A LARGE SAMANID CONICAL POTTERY BOWL
No VAT will be charged on the hammer price, but VA… Read more
A LARGE SAMANID CONICAL POTTERY BOWL

CENTRAL ASIA OR NORTH EAST IRAN, 10TH CENTURY

Details
A LARGE SAMANID CONICAL POTTERY BOWL
CENTRAL ASIA OR NORTH EAST IRAN, 10TH CENTURY
On short foot, the white interior with a bold and elegant black kufic inscription around the sides, the centre with a small black dot with an incised cross through the middle, the exterior plain, repaired breaks
14in. (35.6cm.) diam.
Special notice
No VAT will be charged on the hammer price, but VAT at 15% will be added to the buyer's premium which is invoiced on a VAT inclusive basis.

Lot Essay

The inscription reads: Baraka wa yumn wa ni'ma li-sahibihi (Blessing and Good Fortune and [God's] Grace to its Owner).

This unsually large and well-preserved Samanid slip painted pottery bowl uses the simplicity and particularly the strength of the calligraphy to create a very powerful composition.
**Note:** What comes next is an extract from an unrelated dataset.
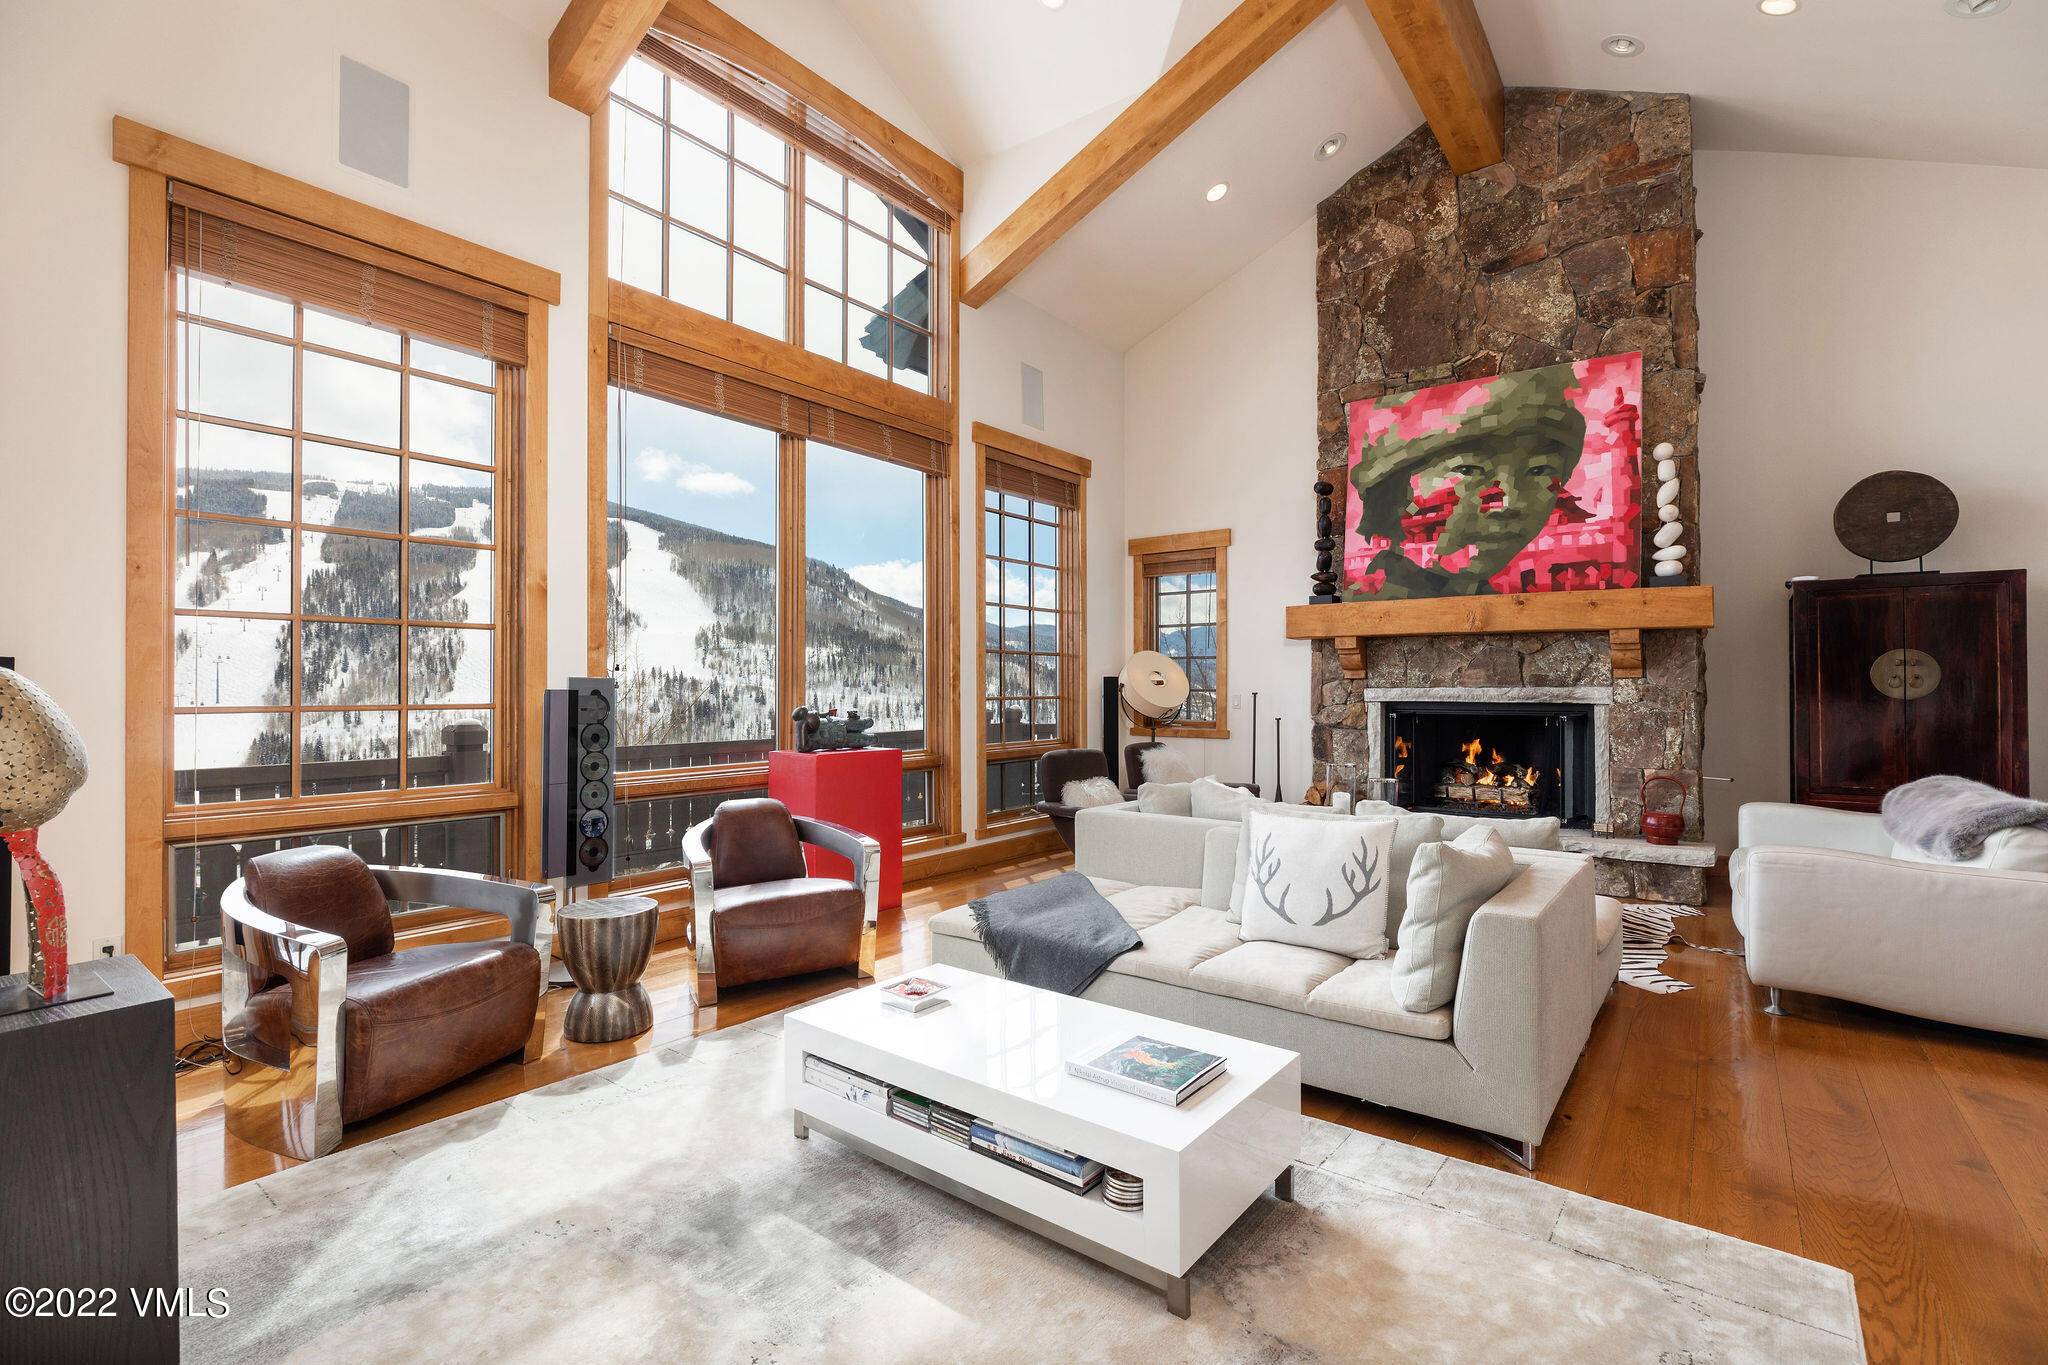 Come home to one of the most charming residences in the desirable Potato Patch neighborhood with birds eye views of Vail Mountain.

As Oliver Watson notes, the best bowls of this type are "..... of the simplest materials, they are most beautifully made - enormous bowls, precisely thrown and turned to a thinness rarely matched elsewhere in earthenwares....... they are breathtaking to handle. The sophistication and quality of the design also sets them apart: simple lines of calligraphy, in script of a quality that matches the best in any medium of the period .... the telling use of empty space and the subtlety of the rhythm and weight of the calligraphy put them, in spite of their humble materials, into an artistic class higher than any ceramic so far discussed" (Oliver Watson, Ceramics from Islamic Lands, the al-Sabah Collection, London, 2004, p.205).